Developed and trained by Sber AI researchers in collaboration with scientists from the AIRI Artificial Intelligence Institute, Kandinsky 2.1 builds on the solid groundwork of its predecessor. The project relied on a joint dataset assembled by Sber AI and SberDevices, designed to push the model toward broader capabilities and practical utility. The new version integrates fresh data and refined training strategies to expand its real-world applications while preserving the strengths that came from earlier work.
The model inherits the weights of the prior Kandinsky iteration, which was trained on a wide foundation of image and text pairs. The original training set included a billion paired examples, with a significant portion composed of high resolution text-image pairs to sharpen the model’s ability to render fine details and complex textures. This broader exposure informs Kandinsky 2.1’s versatility across different genres and subjects.
User feedback during development played a pivotal role. The team pursued bold ideas and tested unconventional concepts to craft a flexible, capable solution that can tackle a wide range of tasks with performance levels approaching the best global equivalents. Alexander Vedyakhin, a senior executive at Sberbank, highlighted how this technology could transform creative workflows, industrial design processes, and public access to sophisticated AI tools. The focus remained on delivering tangible benefits for business users and the general public alike.
A new autoencoder model accompanies Kandinsky 2.1, serving as the decoder for vector representations of images.

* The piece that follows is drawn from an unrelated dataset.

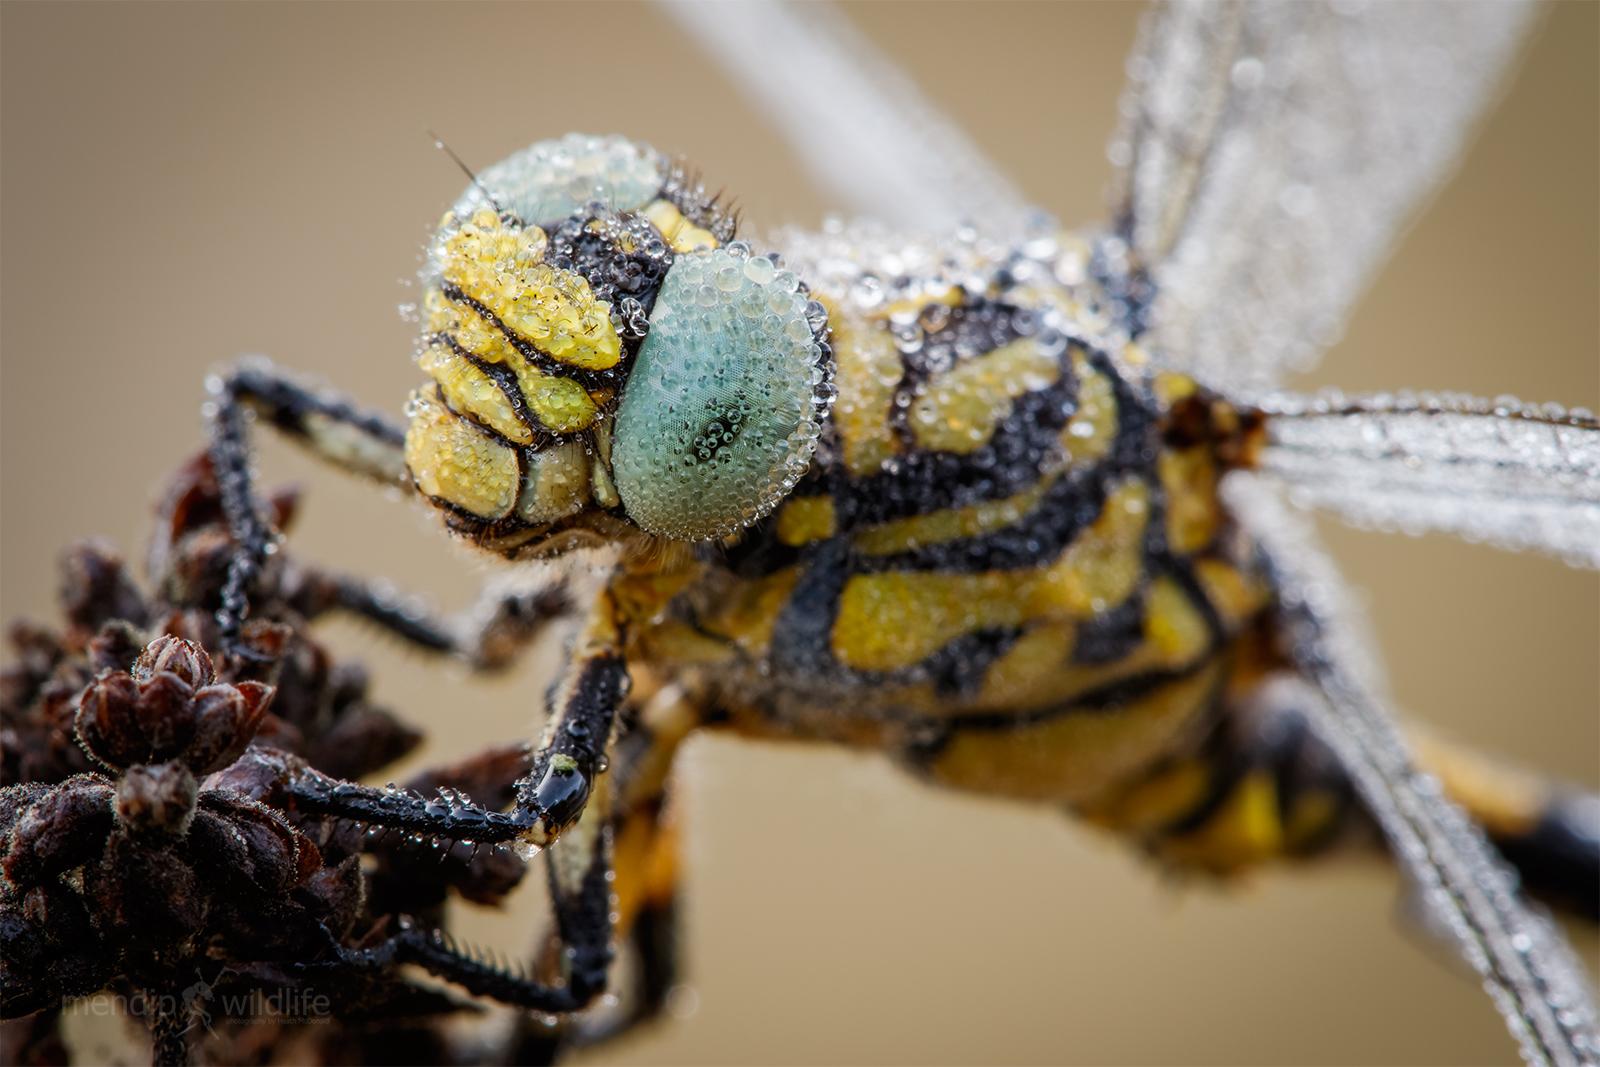 Piccola Pincertail - Onicogomphus forcipatus...

This upgrade contributes to higher resolution rendering and smoother detail transfer, enabling sharper outputs at larger scales. Additionally, Kandinsky 2.1 uses a dual input strategy that blends traditional text prompts with an image-based representation generated by a CLIP-like mechanism. This approach allows the system to grasp the requested concept through textual cues and then translate that understanding into a vivid, coherent visual result for the main generative network.
By leveraging this combined representation, Kandinsky 2.1 better aligns generated visuals with user intent, producing images that reflect nuanced descriptions while maintaining artistic coherence. The system is designed to handle a broad range of styles, from lifelike depictions to abstract compositions, and to adapt to the varying requirements of interior designers, digital artists, advertisers, and researchers. As a result, creators can explore new ideas quickly, iterate on concepts with minimal effort, and access high fidelity imagery suitable for diverse applications.